In 'Strangers at Home,' an opera, with music by Linley, Dorothea Jordan is said to have made her first appearance as a singer, and to have played her first original character. 'Doctor and Apothecary,' a two-act musical farce (Drury Lane, 25 Oct. 1788), introduced to the London stage Stephen Storace, from whose 'Singspiele' 'Der Doctor und der Apotheker' performed at Vienna on 11 July 1786, music and plot were taken. 'The Haunted Tower' (Drury Lane, 24 Nov. 1789), also with music by Stephen Storace, served for the debut in English opera of his sister, Anna Selina Storace. It was very successful, and frequently revived.

==Works==
The works of Cobb which were printed with his sanction are :
- 'Strangers at Home,' comic opera, 8vo, 1786 (Drury Lane, 8 Dec. 1785).
- 'English Readings,' an occasional prologue, 8vo, 1787 (Haymarket, 7 Aug. 1787).
- 'The First Floor,' farce, 8vo, 1787 (Drury Lane, 13 Jan. 1787).
- 'Love in the East,' comic opera, 8vo, 1788 (Drury Lane, 25 Feb. 1788).
- 'Doctor and Apothecary,' musical farce, 8vo, 1788 (see above).
- 'The Haunted Tower' opera, 1789 (Drury Lane, 24 November 1789)
- 'Ramah Droog, or Wine does Wonders,' comic opera, 8vo, 1800 (Covent Garden, 12 Nov. 1798).
- 'A House to be sold,' musical piece in two acts, 8vo, 1802 (Drury Lane, 17 Nov. 1802). This is a clumsy expansion of 'Maison a vendre,' a one-act opera of Duval, with music by D'Aleyrac, played in 1800.
- 'The Wife of Two Husbands,' musical drama, 8vo, 1803 (Drury Lane, 1 Nov. 1803), a translation of 'La Femme a deux Maris' of Guilbert de Pixrcourt, Paris, 1803. Surreptitious editions were issued of (10) the 'Cherokee,' opera, 1795, 8vo (Drury Lane, 20 Dec. 1796).

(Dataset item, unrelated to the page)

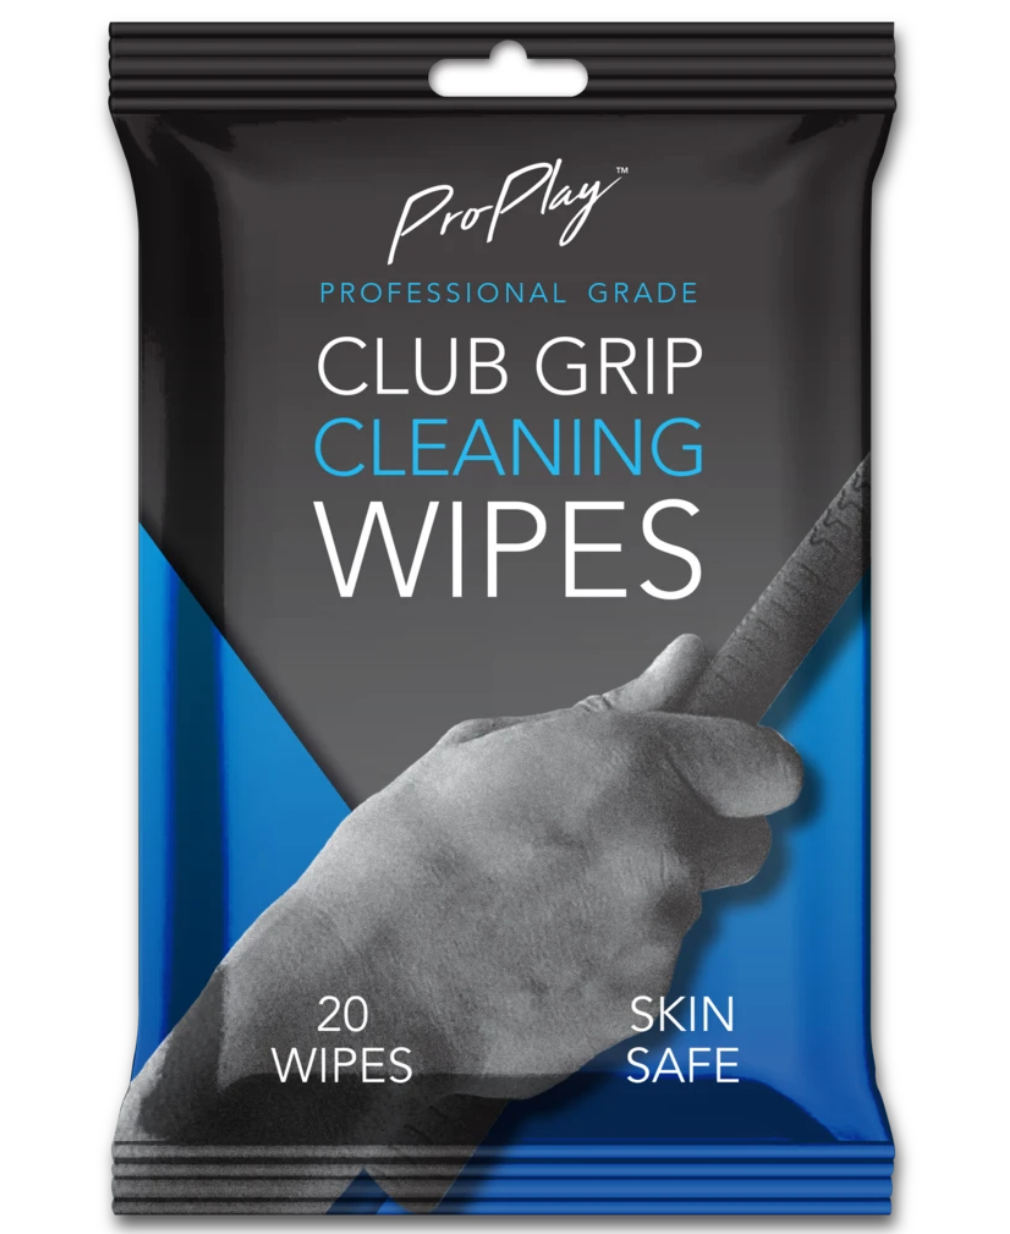 Club Grip Cleaning Wipes

- 'Paul and Virginia,' musical drama, 12mo, 1801 (Covent Garden, 1 May 1800).
- 'Siege of Belgrade,' comic opera, 12mo, 1792 (Drury Lane, 1 Jan. 1791), and other works.
- 'The Pirates,' comic opera in three acts (Drury Lane company at Haymarket, 21 Nov. 1792),
- The Shepherdess of Cheapside,' musical farce (Drury Lane, 20 Feb. 1796)

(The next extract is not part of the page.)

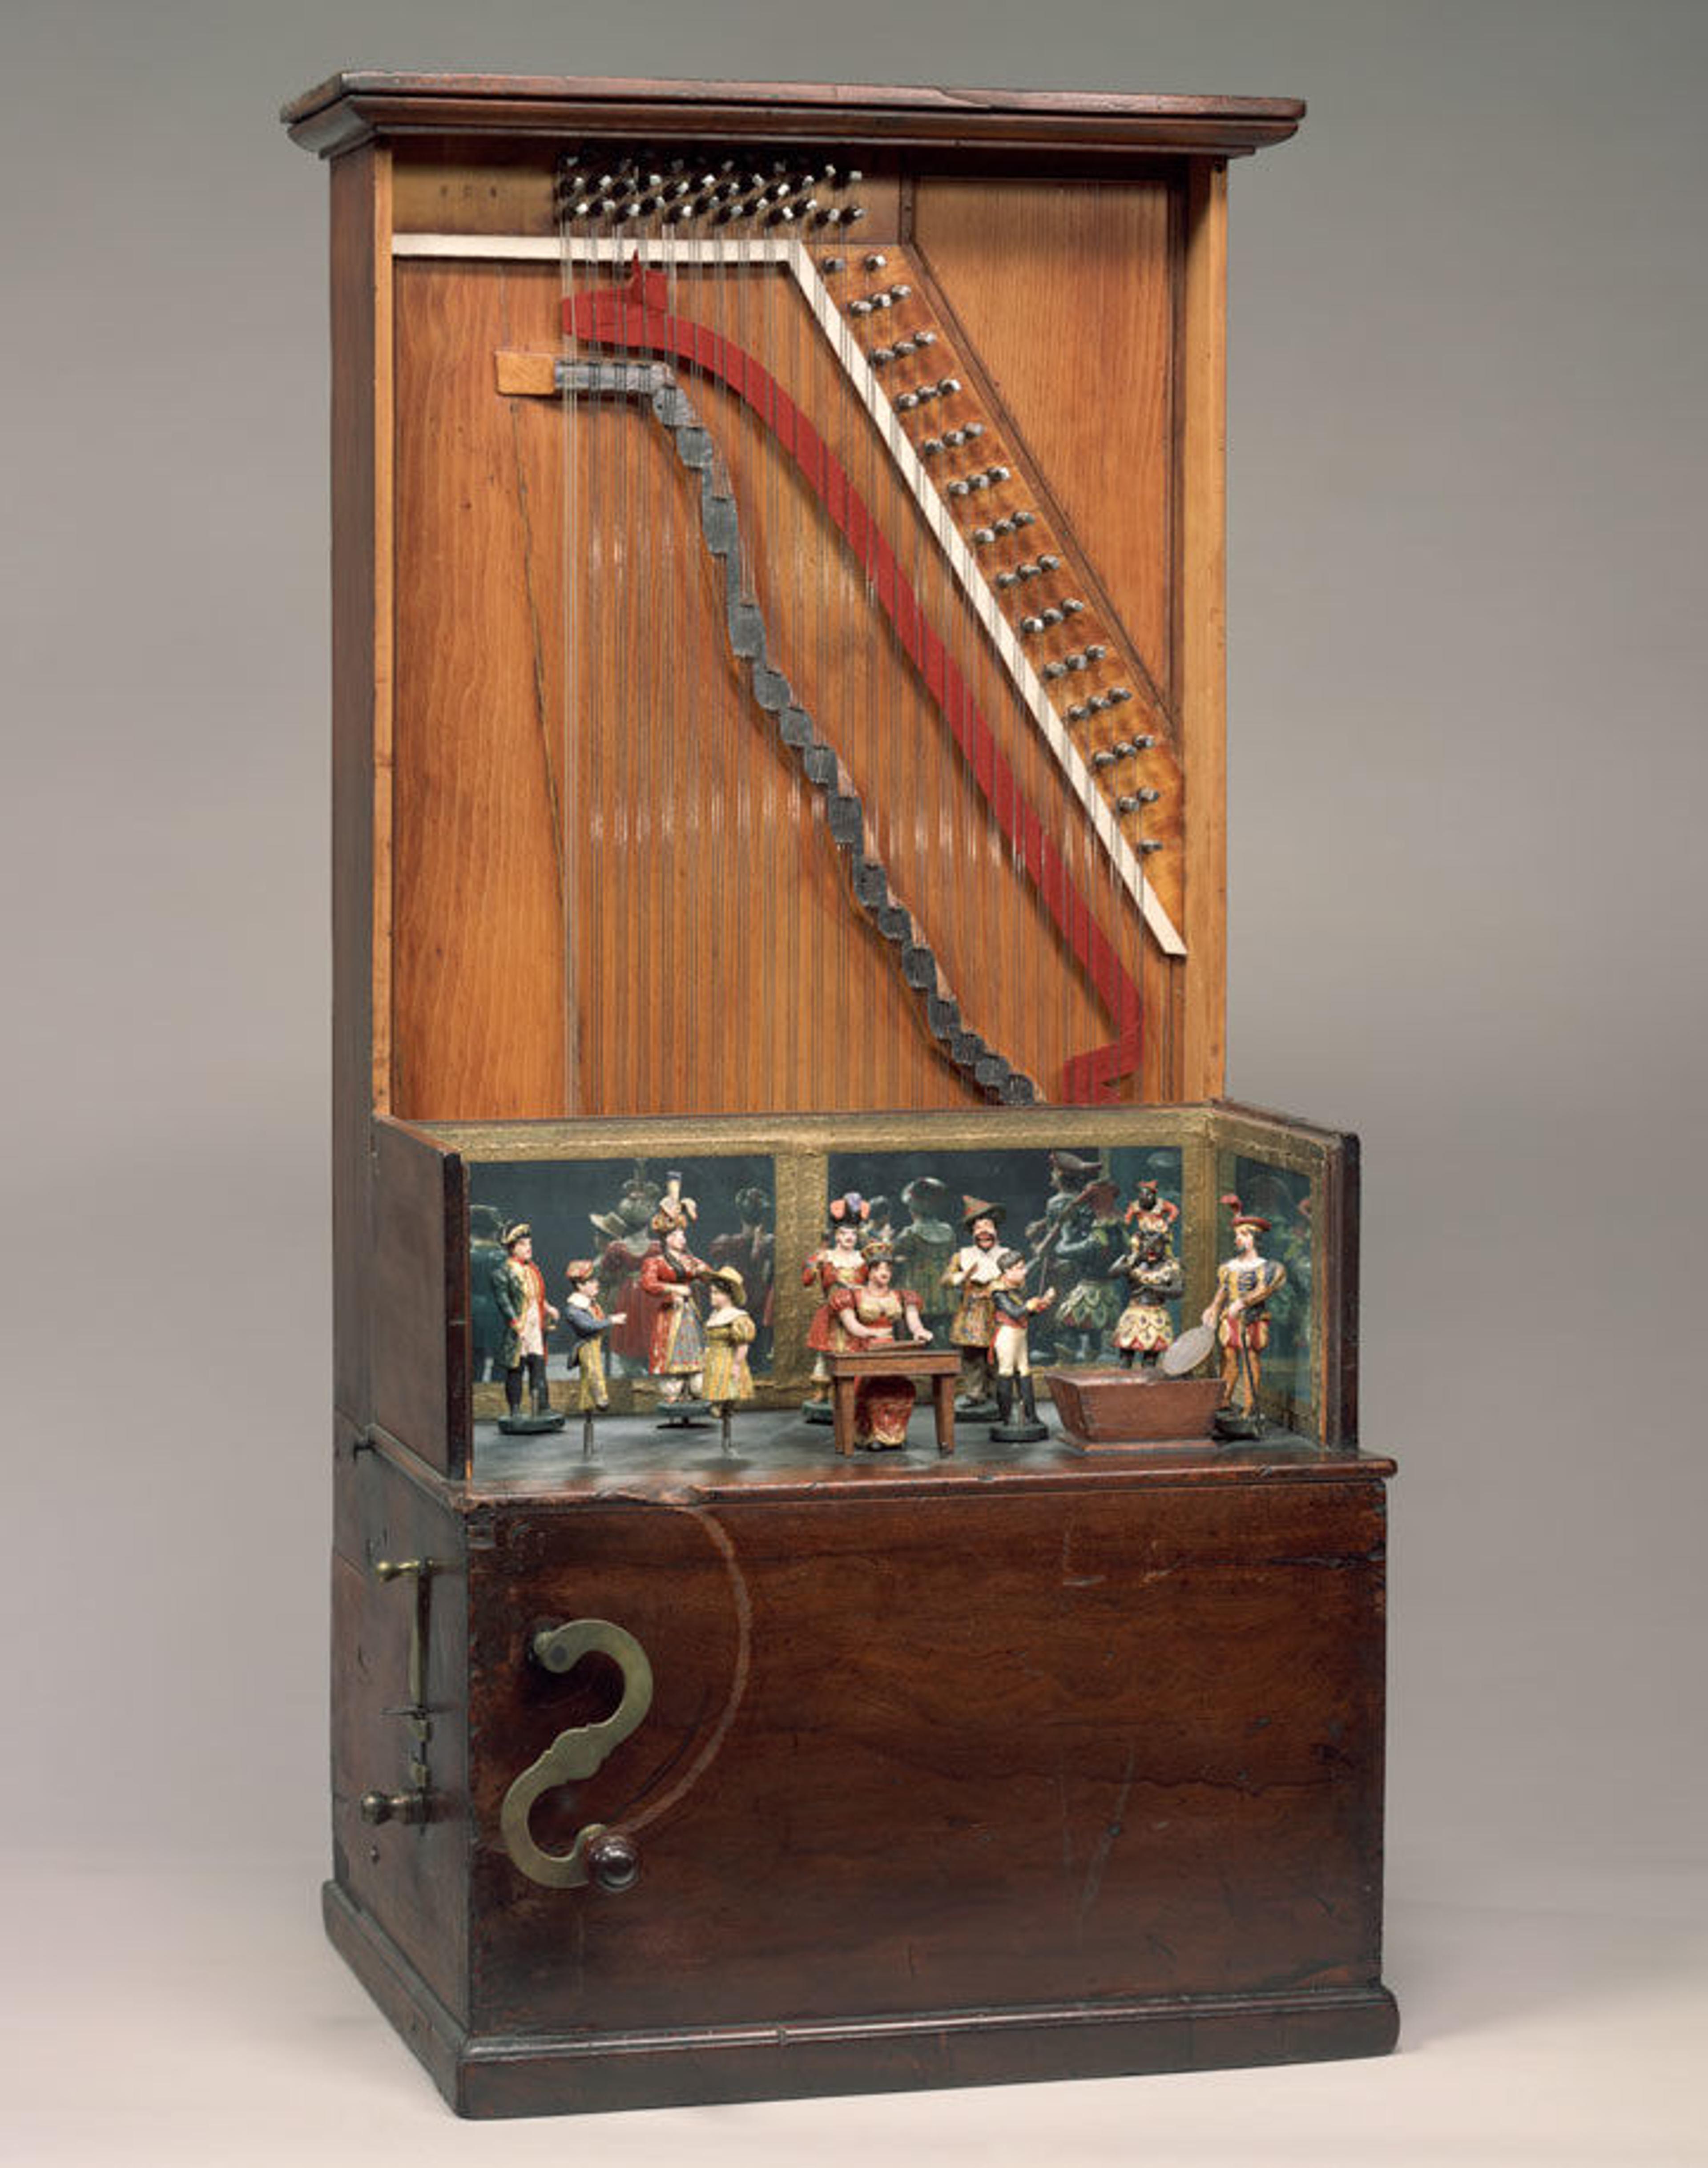 Barrel piano showing exposed piano strings and a series of costumed puppets

- 'Wedding Night,' musical farce (Haymarket, 12 Aug. 1760 ?).
- 'Who'd have thought it ?' farce (Covent Garden, 28 April 1781).
- 'Kensington Gardens, or the Walking Jockey,' prelude (Haymarket, 22 Aug. 1791?), unmentioned by Genest.
- 'Hurly Burly,' a pantomime (Drury Lane, 1785-6). In this Cobb was assisted by Thomas King the comedian.
- 'Poor Old Drury,' prelude (Haymarket, by the Drury Lane company, 22 Sept. 1791).
- 'The Algerine Slaves,' a musical entertainment abridged from 'The Strangers at Home,' and given at the Haymarket Opera House in 1792.
- 'Algonah,' a comic opera (Drury Lane, 30 April 1802).
- 'Sudden Arrivals; or Too Busy by Half,' a comedy (Lyceum, by Drury Lane company, 19 Dec. 1809), making, with ' The Contract ' and ' The Humourist ' mentioned above, twenty-four works.

Besides the composers previously named, Joseph Mazzinghi, Kelly, and Dr. Arnold supplied music to Cobb's pieces. In Gifford's 'Mseviad' Cobbe (sic) is mentioned in contemptuous terms.

==Family==
Cobb married in 1800 Miss Stanfell of Fratton, Hampshire, and died in 1818.